◆ **YOUR OBJECTIVE**
Write out the material below again, line for line, without any images.

◆ **MATERIAL PROVIDED**
========
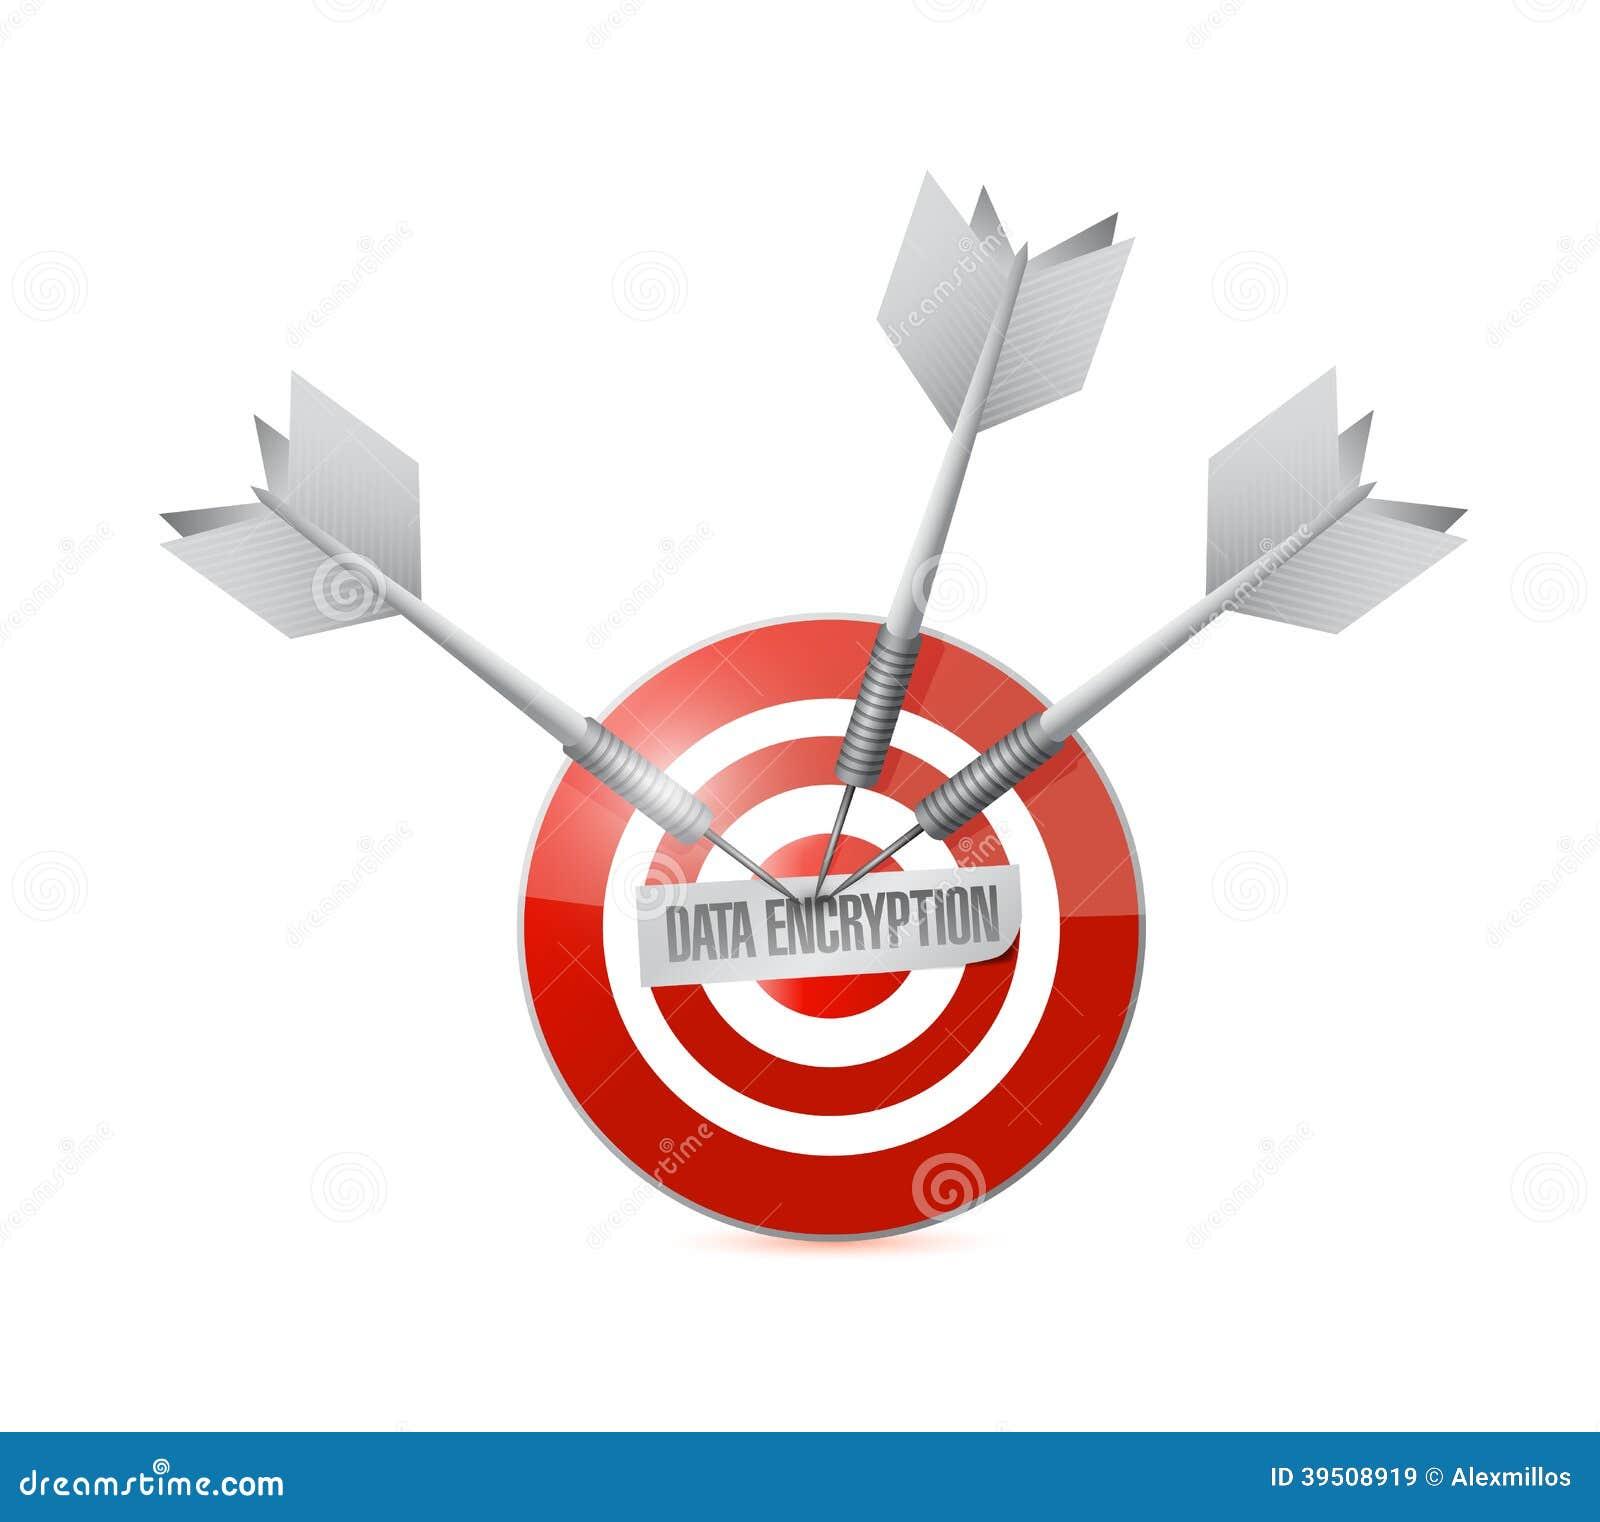 Data encryption target illustration design
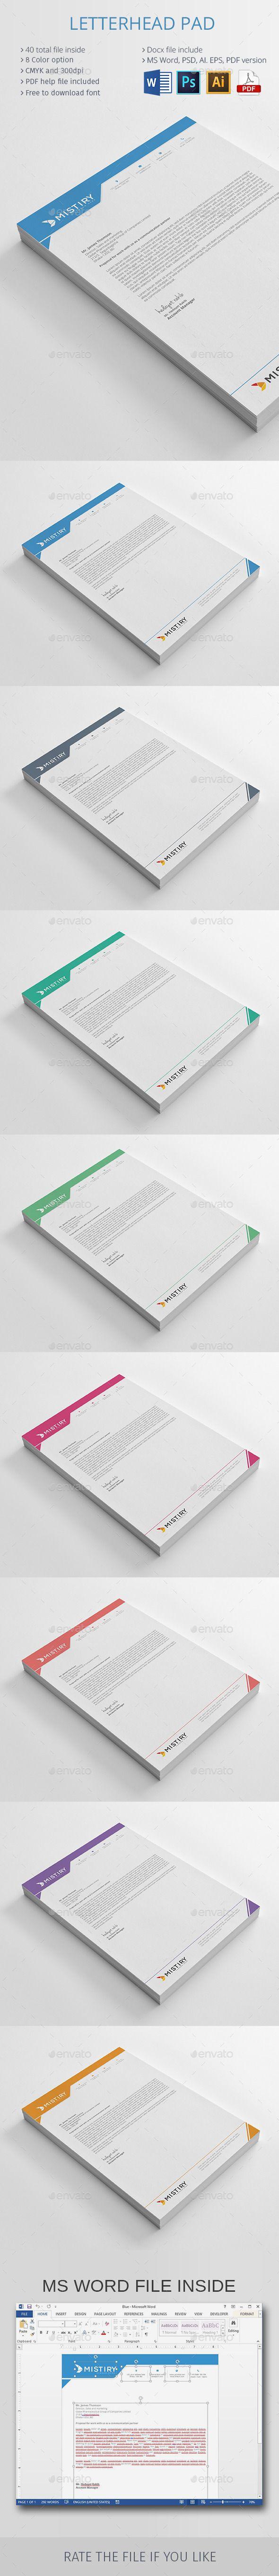 Free Letterhead Templates For Word Letterhead Pad  Pinterest  Stationery Printing Print Templates .
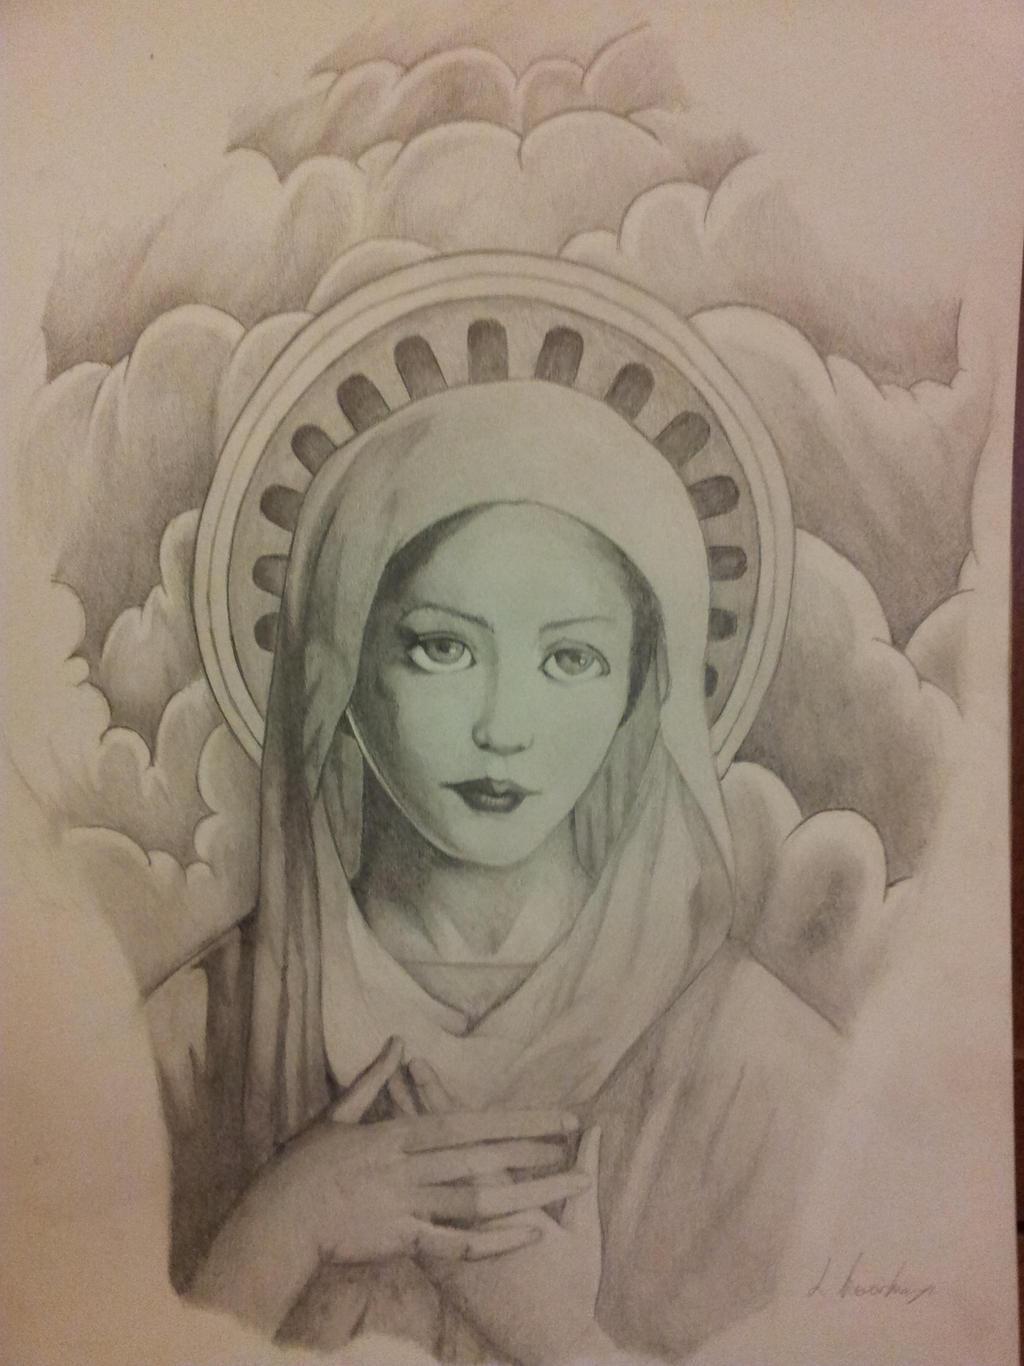 Virgin Mary by kaz-zan on DeviantArt
========
◆ **RESPONSE TO THE EXERCISE**
 Data encryption target illustration design
 Free Letterhead Templates For Word Letterhead Pad  Pinterest  Stationery Printing Print Templates .
 Virgin Mary by kaz-zan on DeviantArt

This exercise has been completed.